Stories of tragedy spill out from the crowd: Young boys taken away to become brainwashed ISIS fighters; women and girls raped and enslaved by the extremists that have taken over swaths of Iraq and Syria; villagers destitute after being driven from their homes and forced to live in camps.

The woman at the center, Iraqi legislator Vian Dahkil, is seen by many as the last and only hope for a desperate people.

“Whatever I can do, I want to help,” she says calmly as she jots down harrowing details in a notebook.

Image:  Vian Dakhil
Vian Dakhil stands inside a Yazidi temple in Lalish, northern Iraq.Yuka Tachibana / NBC News

The crowd is made up of Yazidis, an ancient religious minority reviled by ISIS and driven from their historic homeland on Mount Sinjar in August 2014. The militants have captured thousands of women and children, around 2,500 of whom are still in the hands of ISIS, according to Dakhil.

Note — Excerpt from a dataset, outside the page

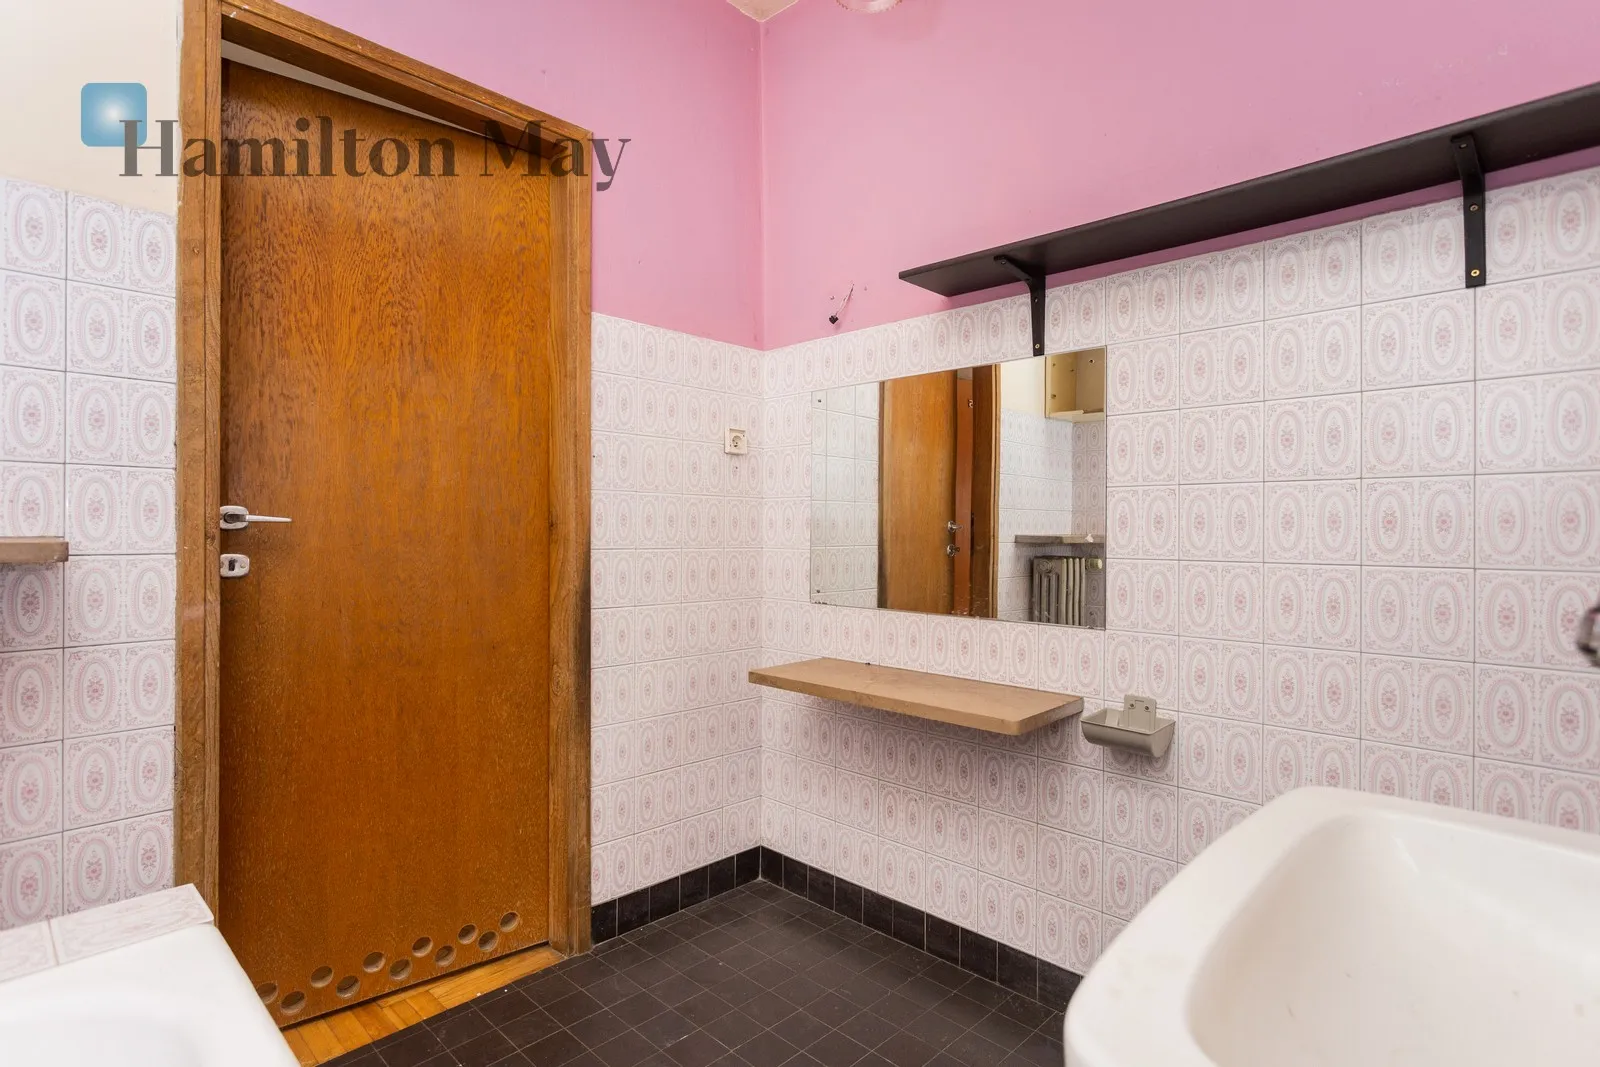 Bedrooms: 5 Bathrooms: 3 Plot size: 300m2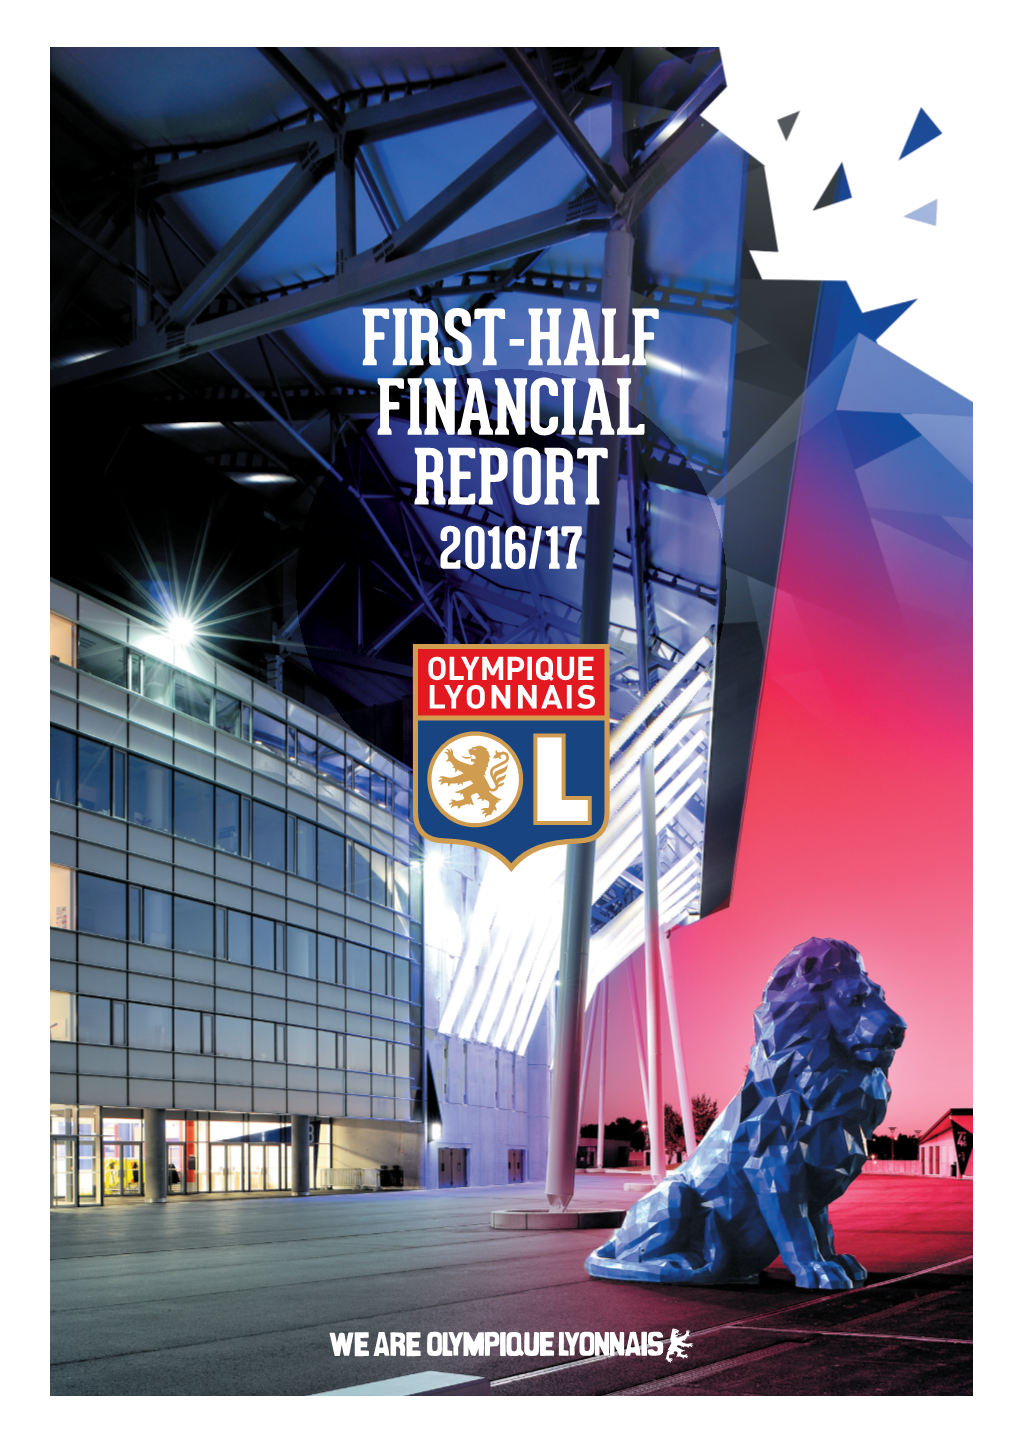 First-Half Financial Report 2016/17

The 42-year-old regularly fields calls from captured women and girls begging for help, then she works with Kurdish security forces and an underground network of activists to try and rescue them. The activists are often forced to pay smugglers to help hostages escape.

“Sometimes I hear some things I can’t imagine — girls, maybe 15 years old, with two or three ISIS men raping [them],” she said. “The Yazidi girls those terrorist [are] buying and selling, Yazidi girls sometimes [for] $100, sometimes one cigarette — they sell the girls and nobody does anything."

So far, around 1,100 women and girls have been rescued, including those who sought Dakhil's help, according to the Yazidi affairs office for the Iraqi province of Duhok. More than 450,000 displaced Yazidis live in 16 camps scattered throughout the province, officials say.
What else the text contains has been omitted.